Entries taken from a collection:
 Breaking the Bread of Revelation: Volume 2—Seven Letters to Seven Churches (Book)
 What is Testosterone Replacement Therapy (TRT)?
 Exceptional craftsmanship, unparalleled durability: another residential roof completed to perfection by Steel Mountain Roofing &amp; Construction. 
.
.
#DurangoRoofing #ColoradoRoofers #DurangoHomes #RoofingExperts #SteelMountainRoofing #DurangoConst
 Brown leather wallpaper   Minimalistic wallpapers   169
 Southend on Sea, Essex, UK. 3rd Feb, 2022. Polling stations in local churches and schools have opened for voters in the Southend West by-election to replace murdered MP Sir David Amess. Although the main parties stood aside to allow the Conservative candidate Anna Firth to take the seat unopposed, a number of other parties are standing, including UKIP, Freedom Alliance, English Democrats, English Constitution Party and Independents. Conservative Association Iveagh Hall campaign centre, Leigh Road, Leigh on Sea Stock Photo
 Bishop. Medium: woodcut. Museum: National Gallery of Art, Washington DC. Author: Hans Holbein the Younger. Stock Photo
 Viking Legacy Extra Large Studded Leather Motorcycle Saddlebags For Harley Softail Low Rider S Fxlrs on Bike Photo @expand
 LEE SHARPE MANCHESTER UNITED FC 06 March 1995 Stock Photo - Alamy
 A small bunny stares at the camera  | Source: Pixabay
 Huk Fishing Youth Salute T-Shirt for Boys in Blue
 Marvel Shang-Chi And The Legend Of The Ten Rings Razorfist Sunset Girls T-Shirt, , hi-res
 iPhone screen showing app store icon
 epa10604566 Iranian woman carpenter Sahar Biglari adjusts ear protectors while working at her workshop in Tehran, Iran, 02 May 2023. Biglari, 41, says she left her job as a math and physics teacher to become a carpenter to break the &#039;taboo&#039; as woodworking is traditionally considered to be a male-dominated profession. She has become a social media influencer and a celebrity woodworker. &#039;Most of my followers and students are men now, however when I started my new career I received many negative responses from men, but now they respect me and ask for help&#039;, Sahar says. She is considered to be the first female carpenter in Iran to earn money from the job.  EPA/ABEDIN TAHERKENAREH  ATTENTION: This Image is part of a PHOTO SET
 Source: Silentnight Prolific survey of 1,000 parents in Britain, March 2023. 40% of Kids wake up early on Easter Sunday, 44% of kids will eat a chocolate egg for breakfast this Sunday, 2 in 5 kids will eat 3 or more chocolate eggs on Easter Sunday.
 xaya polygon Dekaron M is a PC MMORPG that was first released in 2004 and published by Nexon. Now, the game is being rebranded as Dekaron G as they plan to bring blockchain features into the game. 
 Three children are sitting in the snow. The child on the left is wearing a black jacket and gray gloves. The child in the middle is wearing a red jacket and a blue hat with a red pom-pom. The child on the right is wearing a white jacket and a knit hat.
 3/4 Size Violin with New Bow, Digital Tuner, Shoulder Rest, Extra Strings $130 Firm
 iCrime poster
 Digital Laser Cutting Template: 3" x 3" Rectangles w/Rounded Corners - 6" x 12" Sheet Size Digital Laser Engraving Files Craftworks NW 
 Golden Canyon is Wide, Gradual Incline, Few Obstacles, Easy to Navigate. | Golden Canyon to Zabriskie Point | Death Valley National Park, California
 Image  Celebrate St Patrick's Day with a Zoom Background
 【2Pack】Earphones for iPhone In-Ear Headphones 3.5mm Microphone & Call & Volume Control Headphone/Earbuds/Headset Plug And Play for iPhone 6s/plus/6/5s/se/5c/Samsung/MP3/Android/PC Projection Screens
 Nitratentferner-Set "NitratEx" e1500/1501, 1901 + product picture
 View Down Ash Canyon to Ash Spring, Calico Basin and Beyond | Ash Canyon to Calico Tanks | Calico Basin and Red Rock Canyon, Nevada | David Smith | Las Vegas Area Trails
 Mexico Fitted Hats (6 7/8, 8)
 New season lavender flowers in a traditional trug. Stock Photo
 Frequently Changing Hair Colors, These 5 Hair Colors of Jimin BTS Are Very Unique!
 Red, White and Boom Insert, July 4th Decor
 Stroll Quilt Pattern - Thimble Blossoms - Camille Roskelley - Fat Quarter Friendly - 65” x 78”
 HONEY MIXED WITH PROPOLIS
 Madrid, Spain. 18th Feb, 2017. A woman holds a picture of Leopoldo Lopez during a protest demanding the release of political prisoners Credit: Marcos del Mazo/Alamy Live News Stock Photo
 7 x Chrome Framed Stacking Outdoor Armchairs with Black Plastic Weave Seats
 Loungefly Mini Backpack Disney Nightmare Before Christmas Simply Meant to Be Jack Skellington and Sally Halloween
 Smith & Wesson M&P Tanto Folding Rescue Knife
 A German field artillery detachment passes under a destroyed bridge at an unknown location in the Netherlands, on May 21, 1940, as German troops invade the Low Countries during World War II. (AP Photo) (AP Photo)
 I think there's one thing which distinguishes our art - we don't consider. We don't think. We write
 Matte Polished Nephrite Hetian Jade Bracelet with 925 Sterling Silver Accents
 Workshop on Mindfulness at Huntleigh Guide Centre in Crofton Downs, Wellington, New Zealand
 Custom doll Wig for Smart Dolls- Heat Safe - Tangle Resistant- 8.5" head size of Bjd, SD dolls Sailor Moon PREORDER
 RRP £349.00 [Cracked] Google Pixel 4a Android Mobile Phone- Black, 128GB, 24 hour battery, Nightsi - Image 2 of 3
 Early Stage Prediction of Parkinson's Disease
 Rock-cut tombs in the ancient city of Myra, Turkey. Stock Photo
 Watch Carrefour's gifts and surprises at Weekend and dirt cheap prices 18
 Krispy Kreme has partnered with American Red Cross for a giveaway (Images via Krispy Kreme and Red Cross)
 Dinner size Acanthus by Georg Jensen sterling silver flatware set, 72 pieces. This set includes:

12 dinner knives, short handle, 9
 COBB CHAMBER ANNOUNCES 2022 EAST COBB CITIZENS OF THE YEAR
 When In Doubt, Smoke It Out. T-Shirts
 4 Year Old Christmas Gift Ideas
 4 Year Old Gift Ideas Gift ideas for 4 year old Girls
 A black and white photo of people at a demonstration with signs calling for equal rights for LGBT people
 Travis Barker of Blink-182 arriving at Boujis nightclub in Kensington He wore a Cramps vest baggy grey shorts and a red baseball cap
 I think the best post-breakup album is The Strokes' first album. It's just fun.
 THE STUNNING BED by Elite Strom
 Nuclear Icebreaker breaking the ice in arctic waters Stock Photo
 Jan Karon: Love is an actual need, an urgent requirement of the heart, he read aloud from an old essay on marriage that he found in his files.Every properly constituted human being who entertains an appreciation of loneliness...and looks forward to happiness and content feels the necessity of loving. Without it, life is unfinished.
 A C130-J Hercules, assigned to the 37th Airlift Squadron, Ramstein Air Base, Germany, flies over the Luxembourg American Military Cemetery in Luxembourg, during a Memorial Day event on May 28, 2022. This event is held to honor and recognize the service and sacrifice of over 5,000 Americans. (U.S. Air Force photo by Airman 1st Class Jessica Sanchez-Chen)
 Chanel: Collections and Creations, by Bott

# [TASK ITEM]
The answer to this exercise is one number: how many lines of the records above contain the string "Source".

# [PROBLEM SOLUTION]
2